Telegram ist ein Messenger, die viele Vorteile bietet: Anonymität und verschlüsselte Kommunikation. Der ideale „Ort“, um sich halb-öffentlich zu treffen und zu äußern. Hier wird nicht zensiert, geblockt oder verfolgt.
So wie Macht lässt sich auch jedes Instrument oder Werkzeug gebrauchen und missbrauchen. Ob jeweils das eine oder das andere vorliegt, ob also Gebrauch oder Missbrauch, liegt allerdings oft im Auge des Betrachters. Zumindest beim Messenger-Dienst Telegram ist das so: Anfangs wurde Telegram gelobt, weil Dissidenten in Russland damit geschützt (weil abhörsicher und nicht öffentlich) ihre Regierung kritisieren können. Bei den Unruhen in Hongkong dasselbe.
Darum ist Telegram bei Rechtspopulisten so beliebt
Doch schon länger setzen auch bei uns rechtspopulistische Gruppen erfolgreich Telegram ein – um sich virtuell zu treffen und auszutauschen. Das alles vollkommen anonym, diskret und abhörsicher. Denn bei Telegram ist alles verschlüsselt. Weil die Kommunikation über den Messenger nicht öffentlich ist, sondern in Gruppen abläuft, kann auch nichts gelöscht, gesperrt oder blockiert werden.
Das allein macht Telegram verständlicherweise schon beliebt. Einer, der Telegram bis zum Anschlag nutzt, ist Attila Hildmann, der sich schon als den nächsten Reichskanzler sieht. Hildmann bietet über Telegram einen Newsletter an – über 67.000 Personen haben den abonniert.
Geschlossene Gruppe – daher keine Einschränkungen
Wer wissen will, was drinsteht, muss sich der Gruppe anschließen. Aber weil es eine geschlossene Gruppe ist, gelten die Beiträge und Posts nichts als öffentlich. Sie lassen sich nicht lesen, korrigieren oder einschränken – selbst wenn sie strafrechtlich relevant sein sollten.

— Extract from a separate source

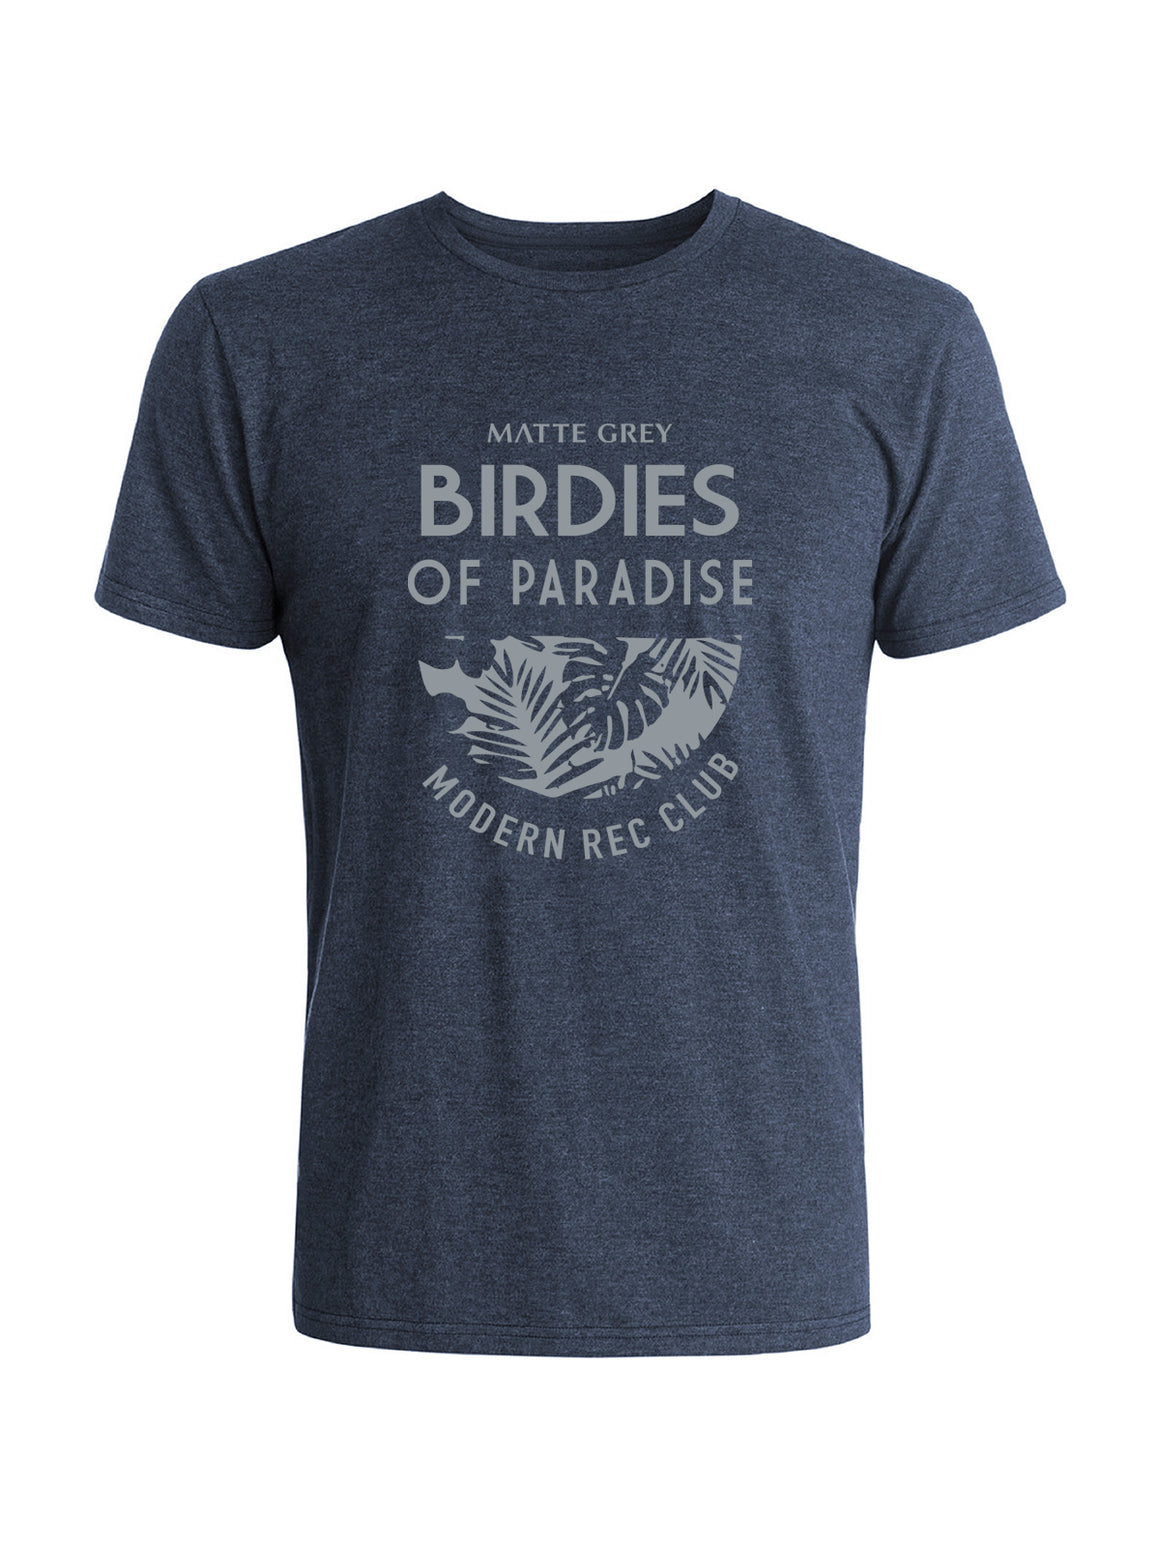 Birdies of Paradise Tee - Navy Heather (Salt)

Aussagen wie „Die Weltbank wird regiert von den Rothschilds, und das sind nun mal die Zionisten“ (Hildmann) sind nicht nur verstörend und abstoßend, sondern vor allem antisemitisch. Doch auf/in Telegram geht das: Wo kein Kläger, da kein Richter. Auch werden die schon so oft gehörten Gates-Verschwörungen hier quasi in Schleife ventiliert. Und selbstverständich auch und vor allem Corona-Verschwörungen jeder Art. Verbunden mit den entsprechenden politischen Aufrufen.
Auf Telegram lässt sich vortrefflich hetzen, Hass verbreiten, zu Straftaten aufrufen oder sogar der Holocaust leugnen – ohne dass irgend etwas gelöscht oder relativer wird. Geschweige, dass strafrechtliche Konsequenzen drohen.
Telegram: Ein gutes oder ein schädliches Werkzeug?
Für Ermittler eine schwierige Situation. Wer mitbekommen möchte, was auf Telegram los ist, muss schon Mitglied in den Gruppen sein. In einige kommt man ganz leicht hinein – in andere nur per Empfehlung. Das macht Telegram-Gruppen faktisch zu einem rechtsfreien Raum, da nicht öffentlich und schwierig zu kontrollieren.
Was also ist Telegram nun: Ein heilsbringendes Instrument, weil Dissidenten sich dort verstecken können (was den meisten im Westen gefällt) – oder Teufelszeug, weil sich auch zu Extremismus neigende Gruppen hier in Deutschland dort verstecken können (was den meisten wohl eher nicht gefällt)?
Es muss überlegt werden: Sind Gruppen mit 67.000 Mitgliedern nicht doch auch irgendwie öffentlich? Wie umgehen mit solchen neuen Werkzeugen?